Politics can have a serious effect on a budget. If a certain section of the community is experiencing a high crime rate, the policymakers may decide to take money from the fire department and other city budgets to increase police protection, add more lighting, increase crime prevention programs, and strengthen the neighborhoods through various outreach programs. When this happens, your dollars decrease and your ability to effectively address fires in the community will also suffer. Hence, once again, it is not the gallons per minute – it is the dollars per year that will put out the fires.

The never-ending fire problem

Some have argued that as fires have decreased, the dollars needed to operate a modern fire department should be looked at and even decreased to reflect the decrease in the number of fires. I would offer back that a modern fire department should not be budgeted based upon the number of fires in a community, but the risk to the community. Every community, every home, every person is at risk of fire. We can do all we can to decrease fires through prevention, education, building and fire codes, smoke alarms, and other tools, but there are still fires – there will always be fires.

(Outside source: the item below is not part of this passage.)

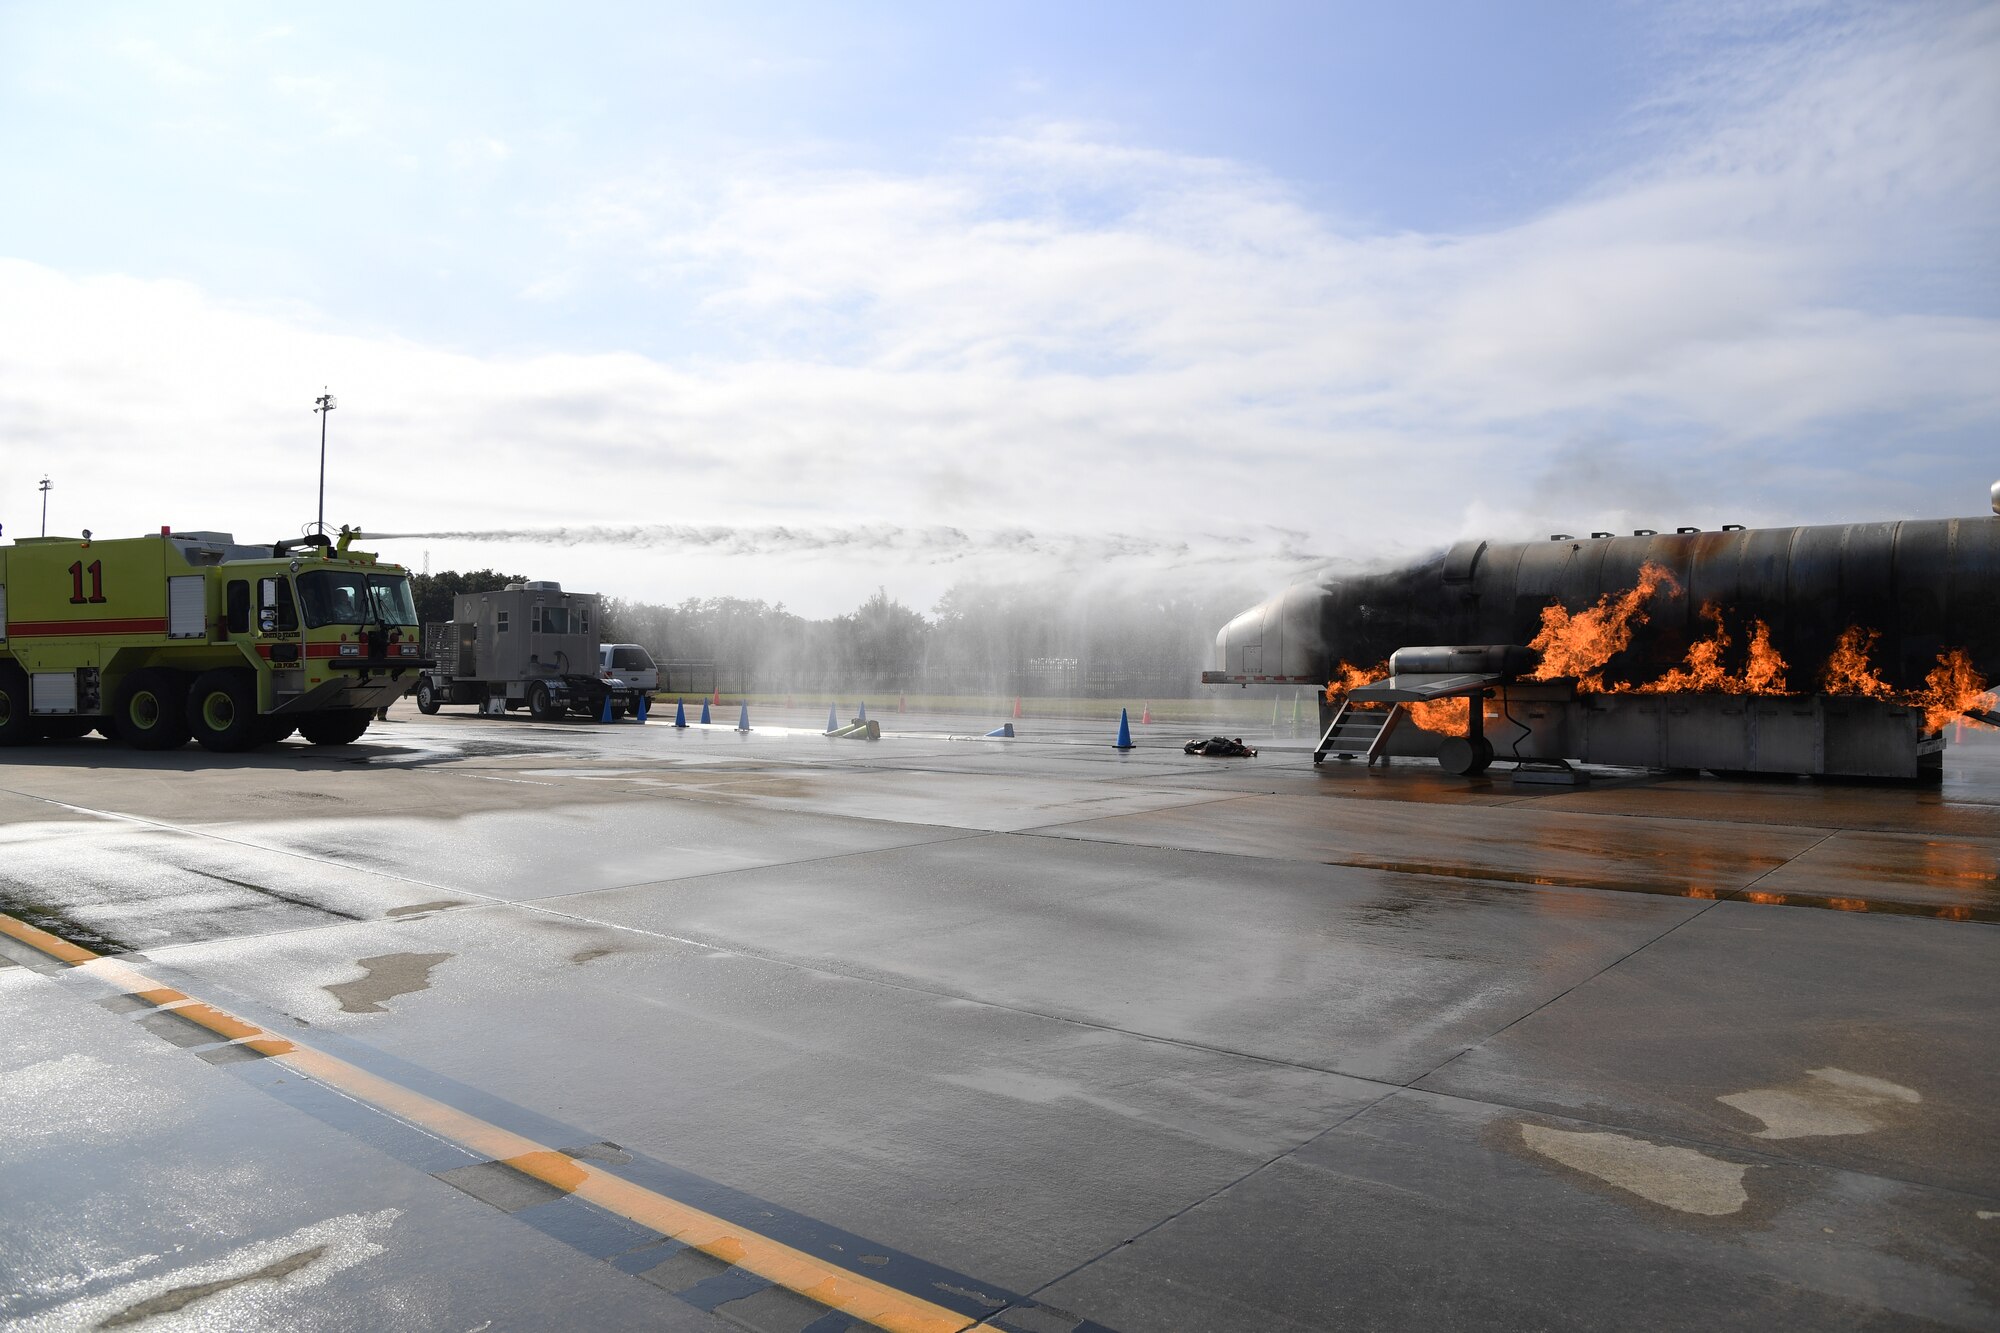 Keesler firefighters operate a fire truck to extinguish a fire on a mock C-123 training device during an aircraft rescue fire fighting training exercise at Keesler Air Force Base, Mississippi, Nov. 6, 2019. The five-day joint agency training allowed the Keesler Fire Department and the Gulfport Combat Readiness Training Center Fire Department to meet the semi-annual training requirement to practice aircraft rescue and live fire training evolutions. (U.S. Air Force photo by Kemberly Groue)

The latest data from 2020 reflects 490,500 structure fire in the United States – and don’t forget 277,000 brush, grass and wildland fires, 225,000 rubbish fires and 173,000 vehicle fires. Fire is clearly still a problem in the United States. Just ask the loved ones of the approximately 3,500 civilians who were killed in fires in 2020. So never allow anyone to use the argument that fires are decreasing and therefore reducing staffing or fire stations is justifiable.

Creative funding sources

Never forget to be innovative and look for other funding sources, such a FEMA grants, donations from philanthropic organizations, grants from state agencies, or partnerships with other local or state agencies are always options. Try setting up a foundation where people can donate money to smoke alarm purchases that can be installed in homes in the community. It will certainly supplement your budget line for the purchases of smoke alarms.

Operating a modern fire department with the necessary funds will always be difficult. Thinking in terms of the “dollars per year” versus the “gallons per minute” to combat fire will certainly help put your budget in perspective and help to make the arguments need to justify budget requests.